可遗传的遗传或表观遗传信息与相应的细胞表型之间的关系可以通过经典的适应度景观模型39来表示。表型是多方面的,是遗传因素与环境之间复杂相互作用的产物。如果我们通过单个值总结这些复杂表型相对于特定条件或环境的适应性,则基因型-表型关系可以表示为n +1维空间,等位基因位于n(epi)个遗传基因座被映射到它们赋予的相对适应性优势。因此,单个单元格可以由该格局中与其(epi)遗传状态相对应的点表示。随着种群的增殖和随机突变,细胞谱系在景观中移动。在一个简单的示例性无毒品场景中(图 1e),由于突变,多个细胞都散布在中立的“平坦”健身环境中,每个细胞均具有某种基因型(x,y和z)。当使用药物(例如药物1)时,适应性状况会发生变化,并且在新条件下(例如y和z),以前为中性(甚至略有毒害)的基因型可能会变得有利。),然后与其他竞争(例如x)。由于达尔文式的选择,处于较低适应度海拔的人群可能会灭绝,而处于“高峰”适应期的人群将会繁荣。这使种群“攀登”越来越高的适应峰,从而导致进化适应。

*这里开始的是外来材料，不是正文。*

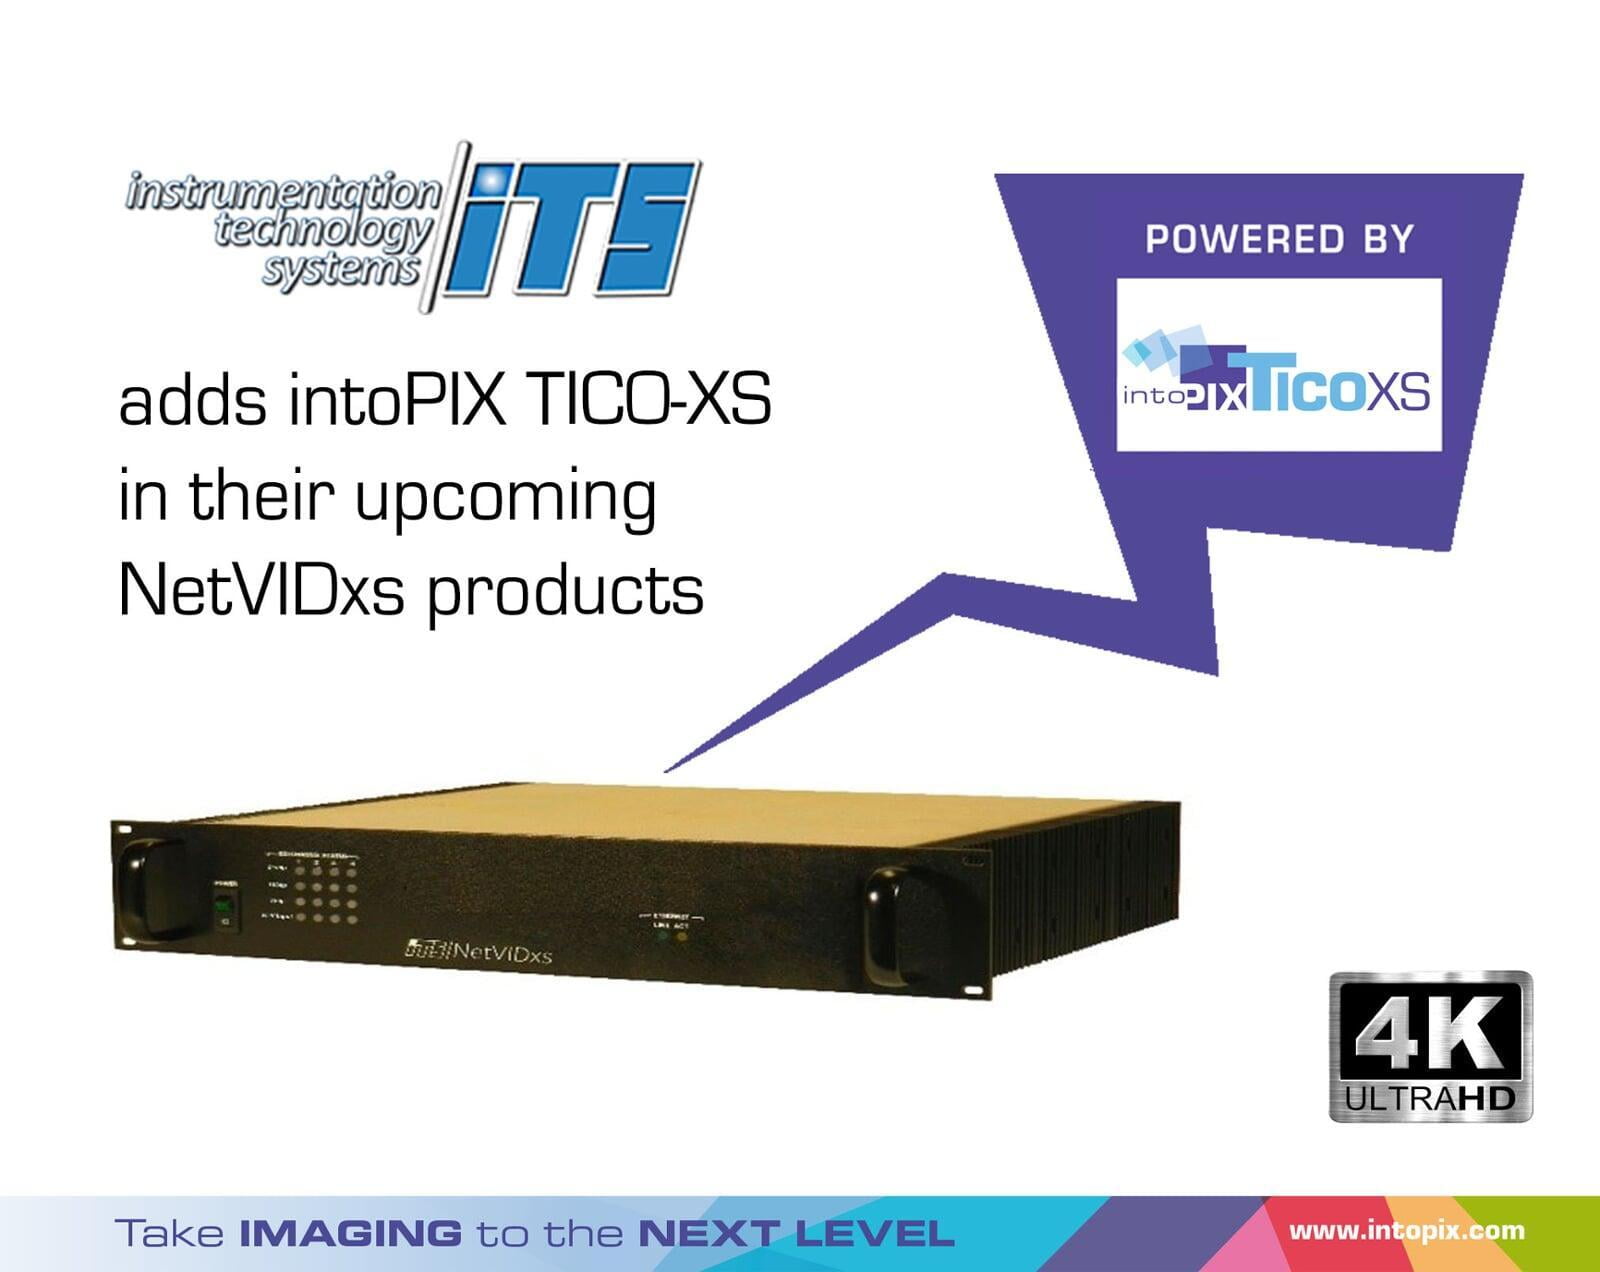 儀器儀錶技術系統增加 intoPIX TicoXS到他們即將推出的NetVIDxs

不同的药物可以选择不同的表型(例如,y和z由药物2和3进行差异选择-图 1e)。在不同的健身环境中使用药物是进化指导的中心思想。该概念在图1f中示出 。肿瘤尿形成引起癌细胞的异质群体,其是达尔文选择操作的底物。当使用药物1时(图 1g),只有新适应峰附近的种群存活,而适应谷中的药物敏感性细胞灭绝。如果然后将人群暴露于具有重叠的适应性峰的药物2中,我们选择双抗性表型z,药物1和2均无效。在这一点上,我们将失去对肿瘤的控制。相反,如果我们首先使用药物3(图 1h),则会导致选择y型。因为药物2相对于药物3表现出不同的适应性峰,所以药物3-药物2序列会导致进化陷阱,其中癌细胞群会灭绝31。这是进化指导的原理,可以利用它来延迟和潜在地控制耐药性,从而显着延长患者的生存期。
我们展示了使用HCC827非小细胞肺癌细胞系的进化指导。HCC827是对EGFR抑制敏感的EGFR exon19del突变肺癌细胞系40。我们之所以选择HCC827,是因为它是一个特性良好的品系,其对EGFR抑制的一些耐药机制已为人们所熟知,例如预先存在的MET扩增40。我们使用了两种小分子抑制剂进行操纵:吉非替尼(一种EGFR抑制剂)和曲美替尼(一种MEK1 / 2抑制剂)。概括大量人口的进化动力学,我们采用了HYPERflask ®细胞培养系统,其中每个烧瓶可容纳150-200百万个细胞,比普通T175烧瓶高约10倍(图 2a)。为了跟踪克隆进化我们使用高复杂性慢病毒条形编码41,一现在建立的技术研究药物抗性35,42。通过在基线处对细胞进行条形码处理并将其分成不同的重复(图 2b)),如果相同的条形码在不同的重复处理后被富集,我们可以确定是否存在抗性克隆。我们首先用一百万个不同的条形码对一百万个细胞群进行条形码编码,然后在HYPERflask中将其扩展到约1.2亿个(请参见“方法”部分)。我们称此初始基准人群为“ POT”(图 2b)。对于这两种药物中的每一种,我们除两个HYPERflask作为DMSO对照外,还接种了三个HYPERflask复制品。每个HYPERflask都从相同的POT上接种了约1500万个细胞(即,大多数条形码对所有烧瓶都是公用的),并扩展到80-90%的融合度。因此, 每个药臂的总人口为120×10 6 ×3 =〜4亿个细胞(图 2b))。随机数学建模表明,该实验设计导致每个重复都代表POT(请参见“方法”部分和补充图 2)。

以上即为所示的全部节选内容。